Ele não começou a frase no registro que havia usado na entrevista do dia anterior. Havia descido para um registro que eu não lhe conhecia — mais baixo e mais lento, a voz de um homem que havia parado de negociar consigo mesmo sobre se deveria falar.
«Quem quer que a tenha mandado aqui não a mandou para auditar.» Uma respiração. «Ele a mandou para lembrar.»
Muitas frases eu havia preparado. Aquela não estava entre elas. A caneta que eu não havia trazido para a sala era de repente a caneta da qual eu estava muito consciente de não ter. Minha mão ficou onde estava. A pasta também. Ele não estava me olhando. Estava olhando para a fotografia ainda, e quando falou novamente falou como se fosse para ela.
«Você acorda num quarto com azulejo claro.»
O corredor que eu havia percorrido vinte minutos antes voltou para dentro da sala.
«Há duas vozes à sua direita. Há uma à sua esquerda. A luz fica à sua esquerda também, baixa e intensa, e seus pulsos estão presos. Você sente um gosto metálico. Não consegue identificar de onde vem o metal.»
Ele parou. «Nunca descrevi isso para ninguém», disse. «Você também não.»
A manga do meu braço esquerdo estava abotoada no pulso. Minha mão direita havia encontrado o punho antes que minha mente concordasse com isso. O botão se soltou. A manga eu não dobrei; empurrei. O tecido dobrou uma vez no cotovelo e parou. A parte interna do meu antebraço veio para a luz do abajur.
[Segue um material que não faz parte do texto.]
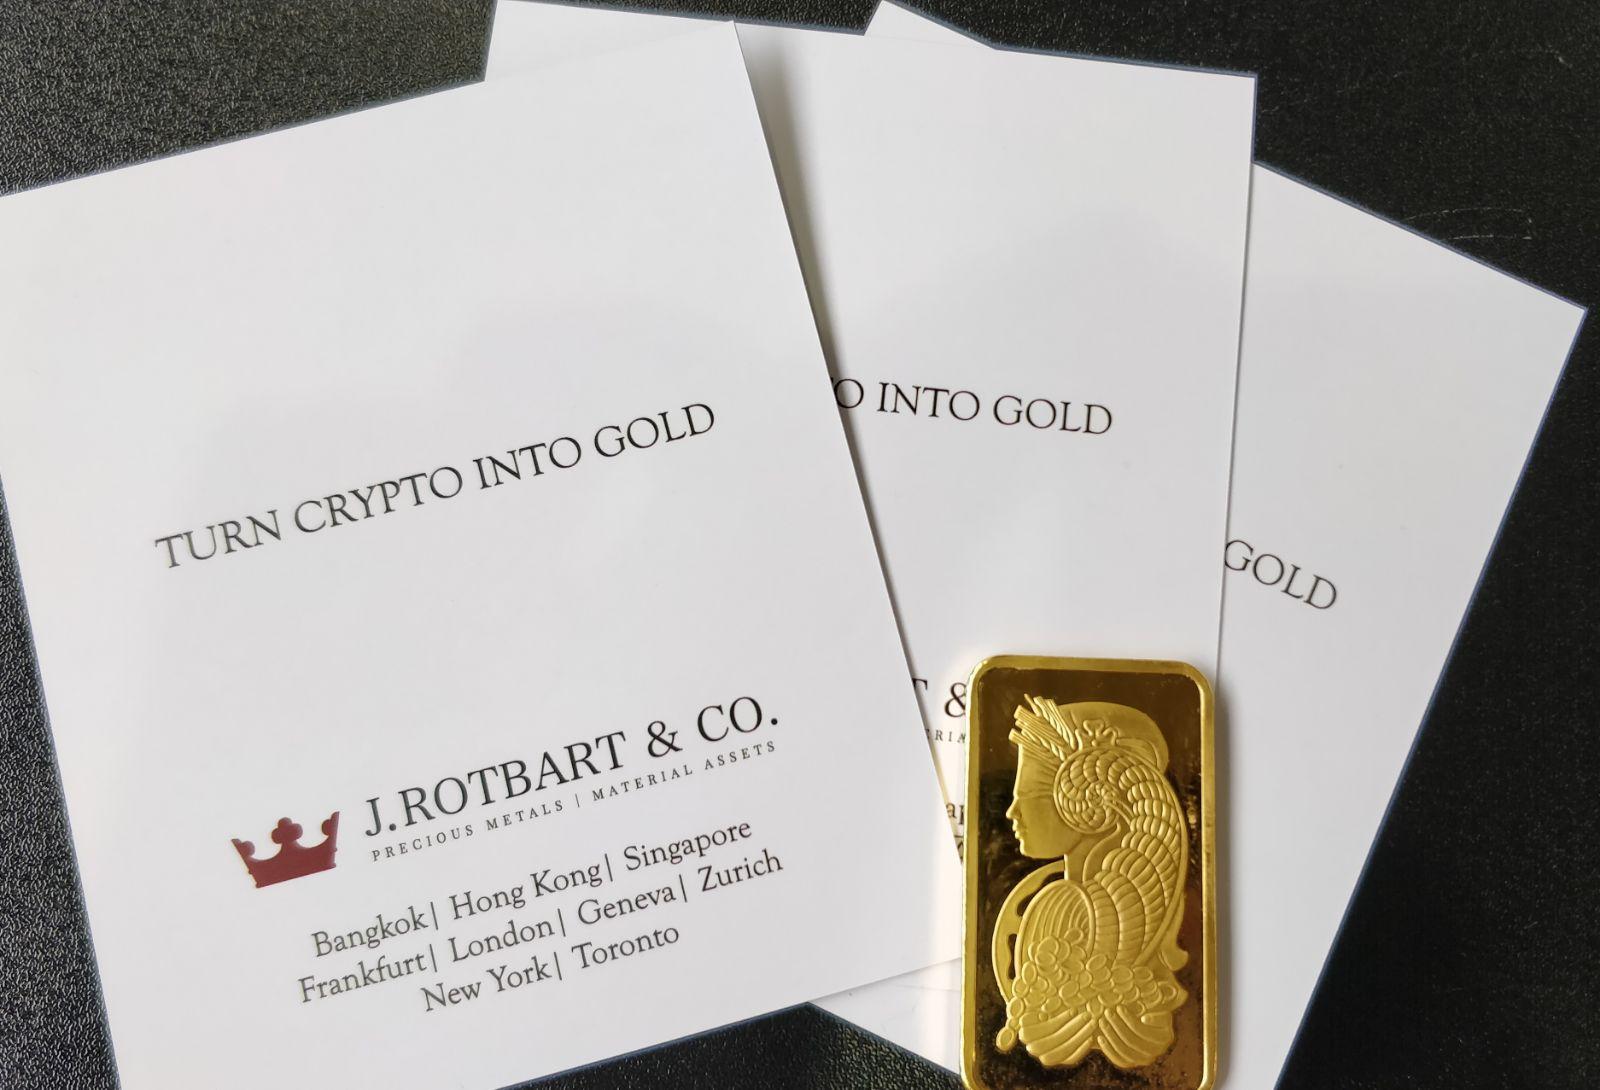 Trading Crypto, Gold and Precious Metals
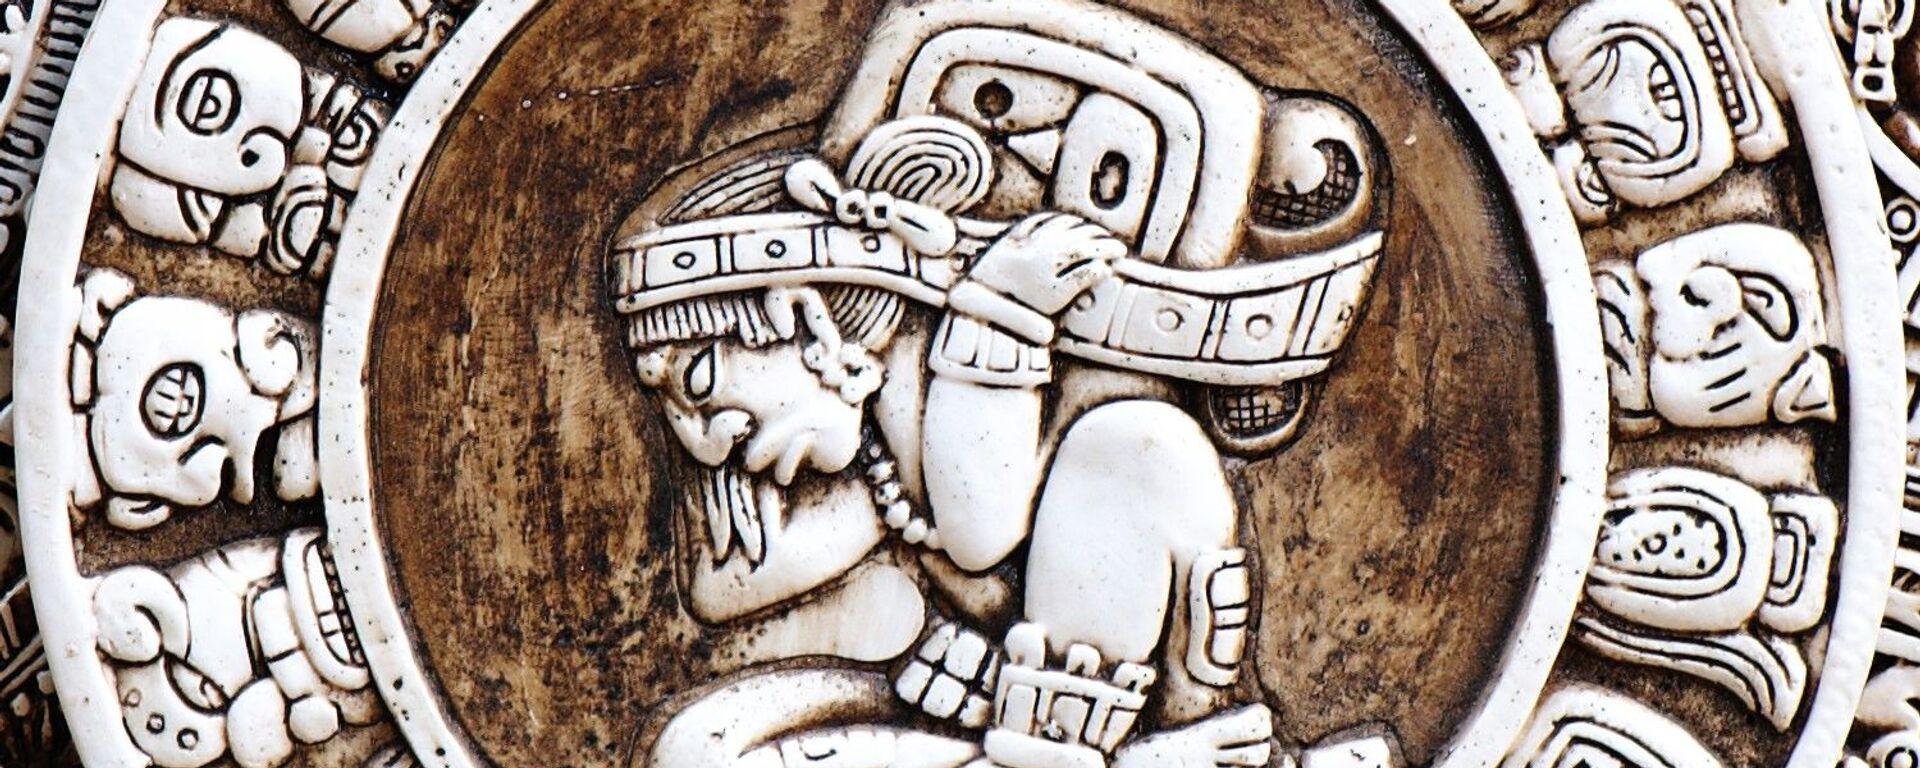 El calendario maya - Sputnik Mundo, 1920, 17.06.2020

Uma linha vertical curta, limpa, dois centímetros. Abaixo dela três pequenos pontos horizontais em fila, igualmente espaçados. A tinta tinha oito anos — o envelhecimento lento e plano da tinta na pele que não vê sol.
Ele olhou para ela.
Sua boca se moveu como se fosse dizer algo e não disse. Ele a havia reconhecido. O reconhecimento não era uma conclusão à qual estava chegando; era algo que ele havia carregado. Pousou a mão direita plana sobre a mesa entre a fotografia e os óculos, com a palma para baixo, e não a moveu.
«Você não veio até nós sozinha.»
Disse isso para a tatuagem e não para mim.
Fiquei de pé no escritório dele com a parte interna do meu antebraço esquerdo exposta à luz do abajur e a fotografia sobre a mesa e a mão dele sobre a mesa e os óculos com as lentes para baixo ao lado da fotografia. Ele me deixou de pé onde eu estava. O abajur fazia um som pequeno e constante. O radiador fazia outro. Lá fora, o prédio do outro lado da rua havia começado a mostrar seus andares iluminados contra o escuro.
Ele me olhou. «Ms. Vasquez.»
«Sim.»
«Vou responder a tudo que você me perguntar. Mas não esta noite.»
Pensei nisso pelo tempo que o radiador levou para passar por um de seus pequenos ajustes. «Amanhã.»
«Amanhã.»
Abaixei a manga. Não abotoei o punho. Peguei a pasta e a fechei sob minha mão — o mesmo gesto de ontem — e saí do escritório com a fotografia de volta dentro dela e a mão dele ainda sobre a mesa e os óculos ainda onde ele os havia deixado.
No corredor lá fora parei junto à parede.
O corredor estava quente. A parede estava quente. Segurei a pasta contra o esterno com as duas mãos e olhei para a porta pela qual havia saído e não a abri novamente.
A mão no meu esterno encontrou o punho da manga esquerda e o abotoou, sozinha, sem permissão, da forma que uma mão guarda algo que terminou de usar.
Eu não havia chegado até eles sozinha.